Let’s break down the statement and prove it step by step:

Statement: If n pigeons are assigned to m pigeonholes, and m < n, then at least one pigeonhole contains two or more pigeons.

To prove this, we’ll use a proof by contradiction. We’ll assume that all pigeonholes contain at most one pigeon and show that this leads to a contradiction.

Assumption: Each pigeonhole contains at most one pigeon.

Now, let’s analyze the situation. We have n pigeons and m pigeonholes, where m < n. If each pigeonhole contains at most one pigeon, the maximum number of pigeons we can distribute is equal to the number of pigeonholes, which is m.

Since m < n, it means we have more pigeons than the number of available pigeonholes. This implies that there are not enough pigeonholes to accommodate all the pigeons.

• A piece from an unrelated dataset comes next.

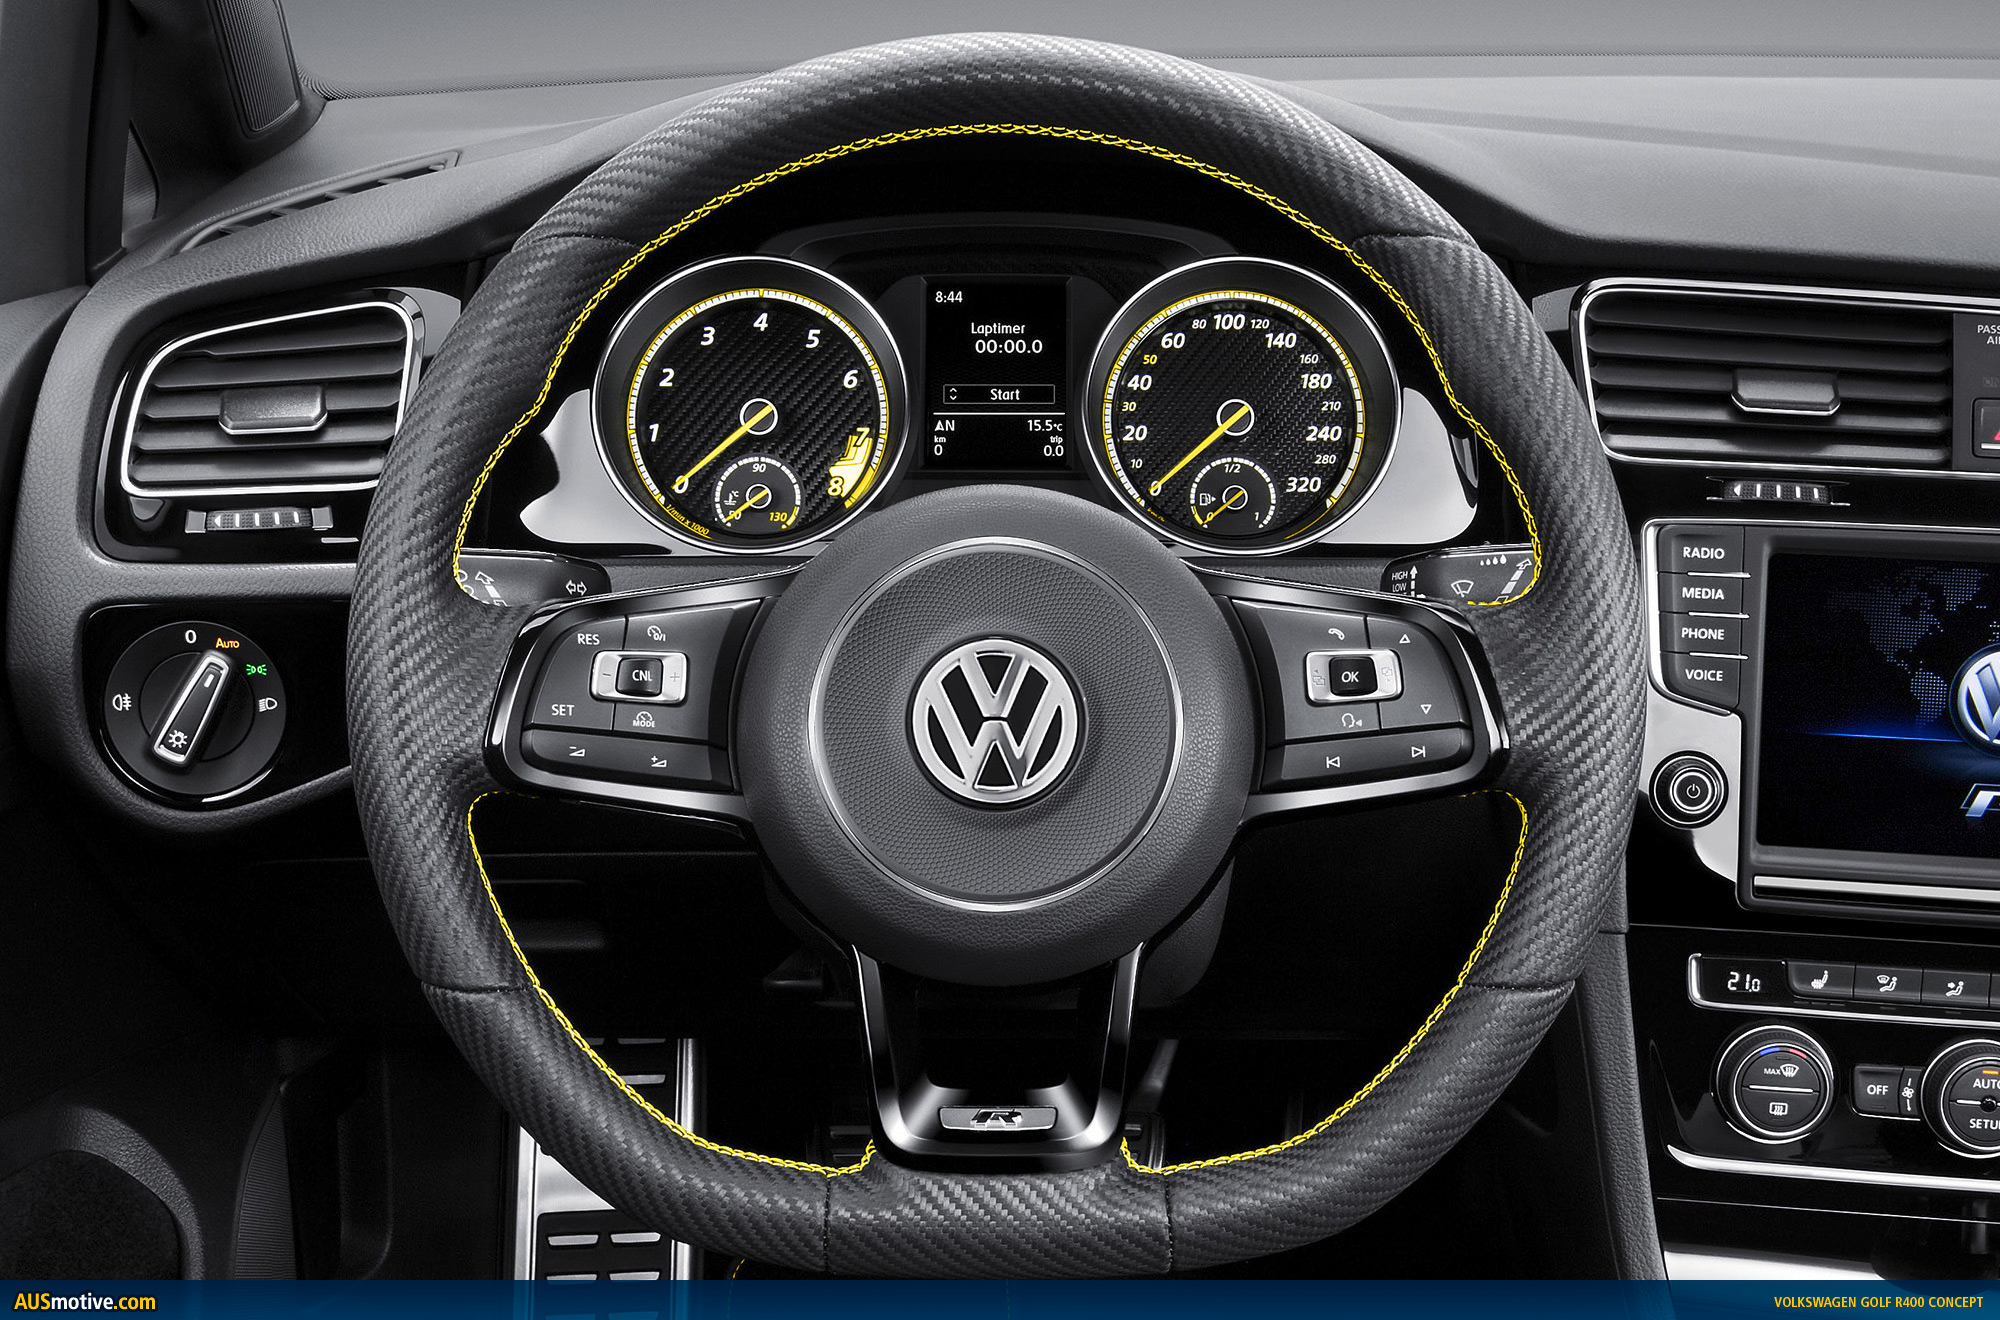 Volkswagen Golf R400 interior dashboard view

According to our assumption, each pigeonhole can hold at most one pigeon. Therefore, if we have more pigeons than pigeonholes, at least one pigeon will not have a pigeonhole to occupy.

This contradicts the initial assumption that all pigeons are assigned to pigeonholes. Thus, our assumption that each pigeonhole contains at most one pigeon must be false.

Therefore, by the principle of contradiction, we can conclude that if n pigeons are assigned to m pigeonholes, and m < n, then at least one pigeonhole contains two or more pigeons.

This principle is widely applicable in various mathematical problems and has many important applications in different fields, including number theory, graph theory, and computer science.